═══ Data records ═══
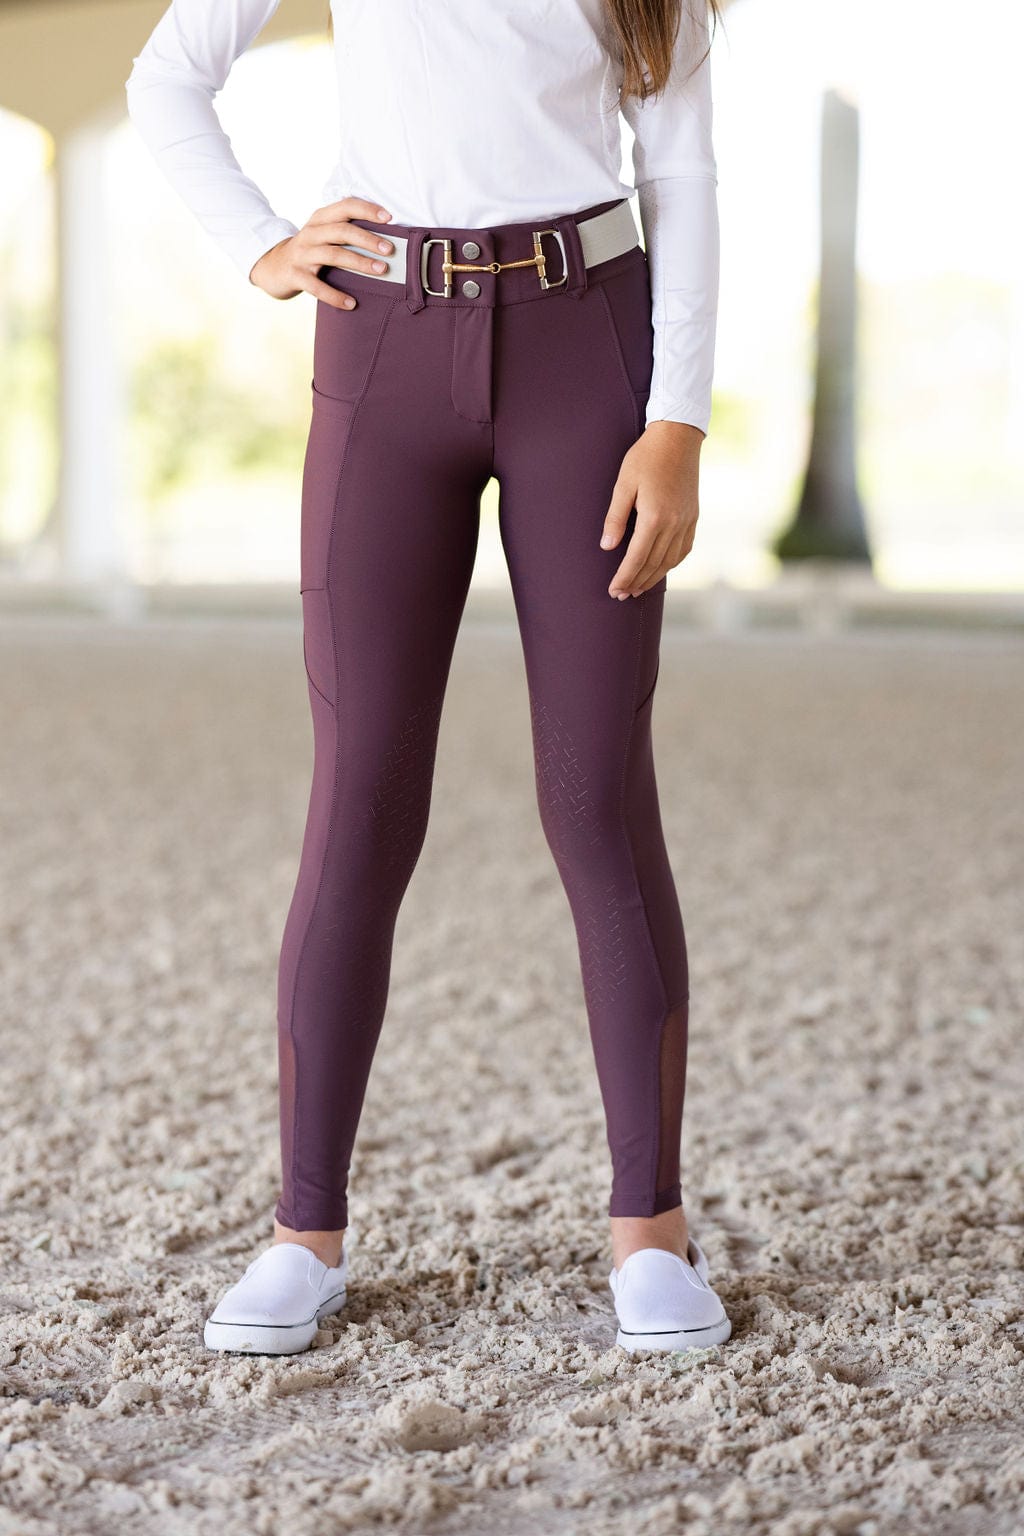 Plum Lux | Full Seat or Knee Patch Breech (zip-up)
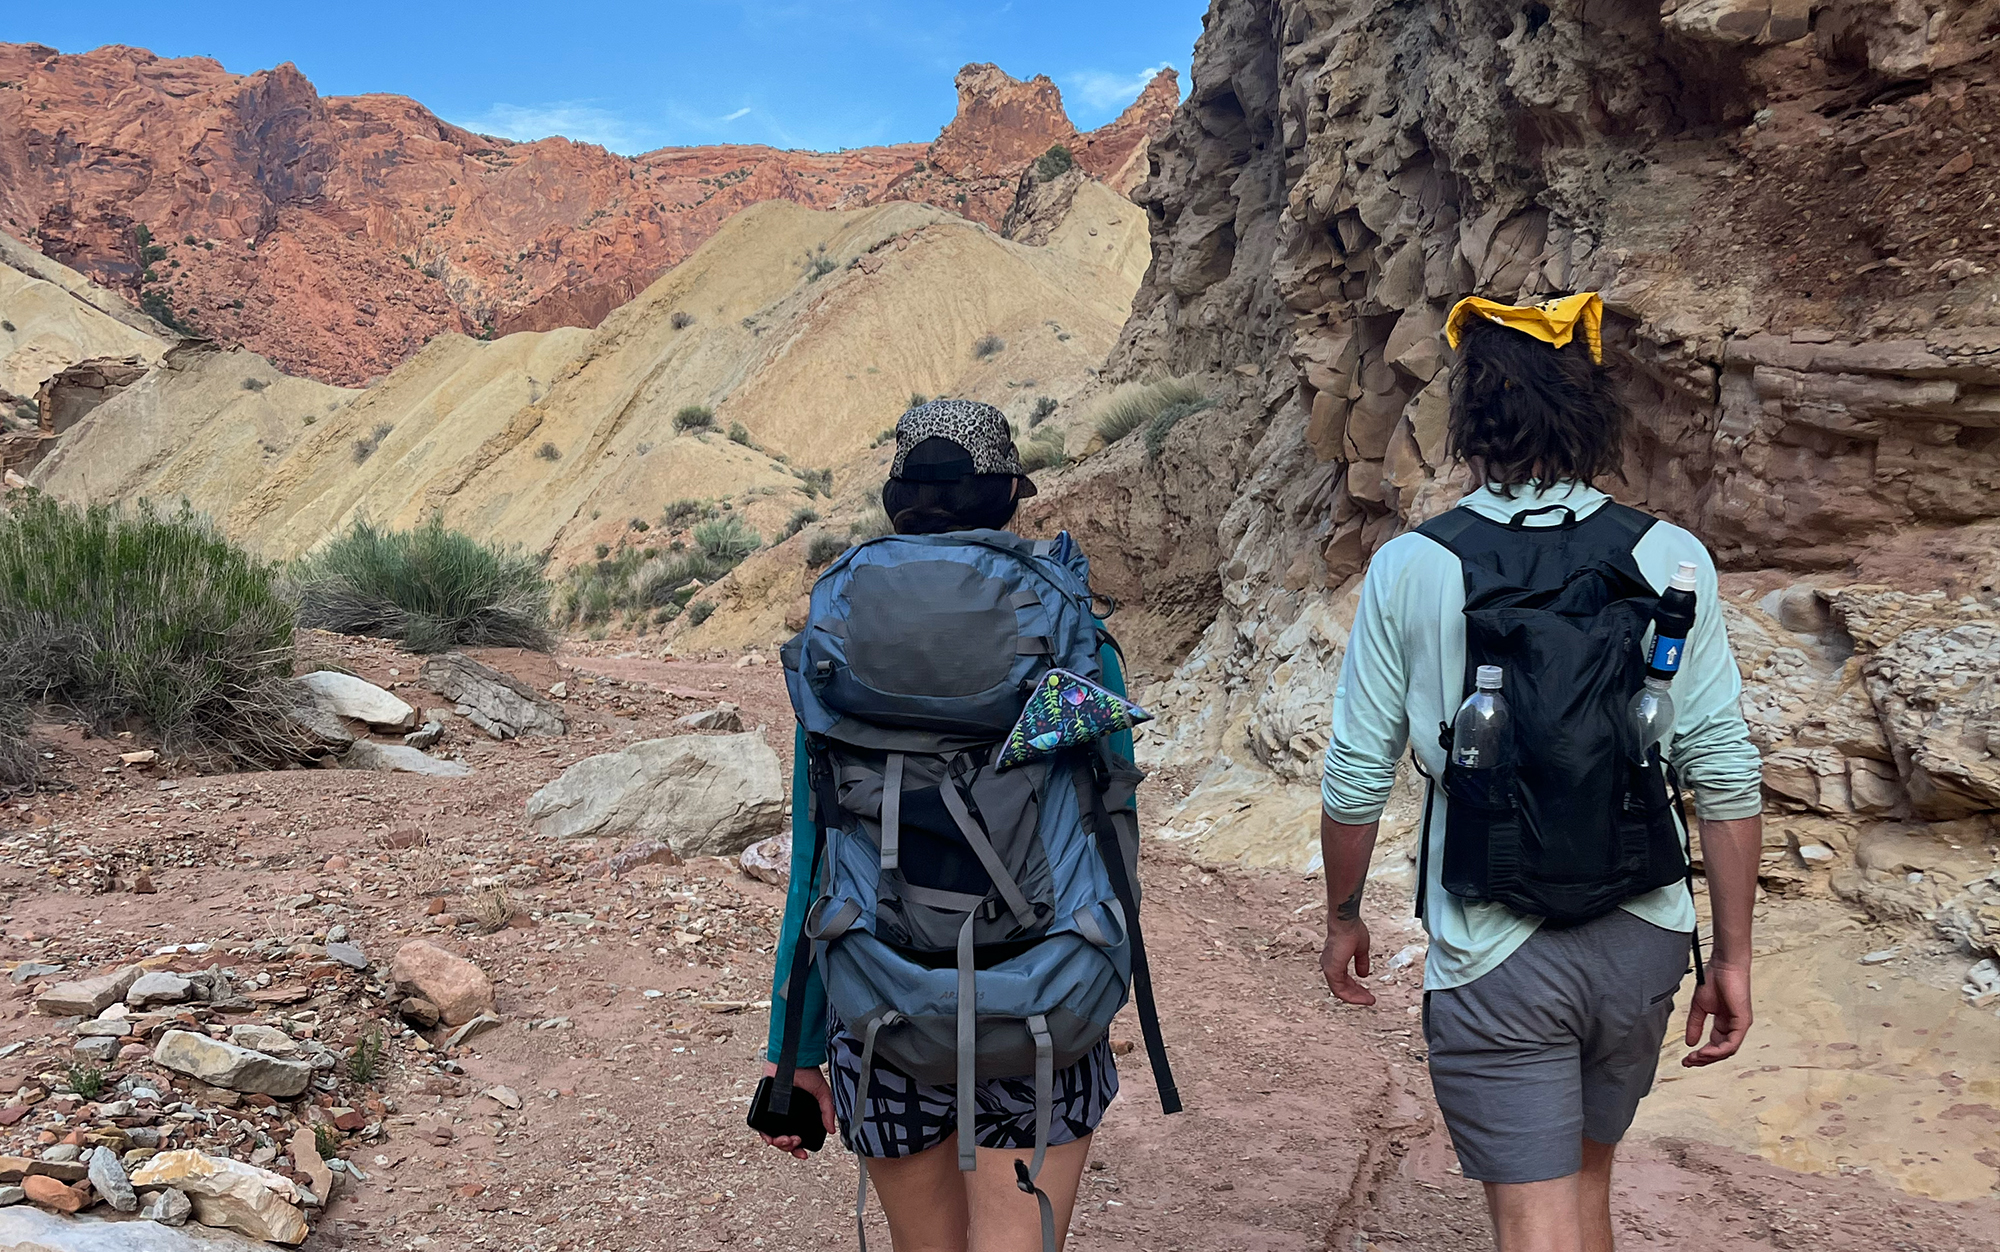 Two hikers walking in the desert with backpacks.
═══
═══ Data records ═══
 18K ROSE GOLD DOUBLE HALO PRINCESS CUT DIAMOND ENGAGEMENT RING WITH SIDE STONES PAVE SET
═══
Work instructions: Only one stretch of the listing is wanted: the lines starting at the one with "Plum Lux | Full" and ending at the one with "Two hikers walking", copied exactly and free of pictures.

Solution to this exercise:
 Plum Lux | Full Seat or Knee Patch Breech (zip-up)
 Two hikers walking in the desert with backpacks.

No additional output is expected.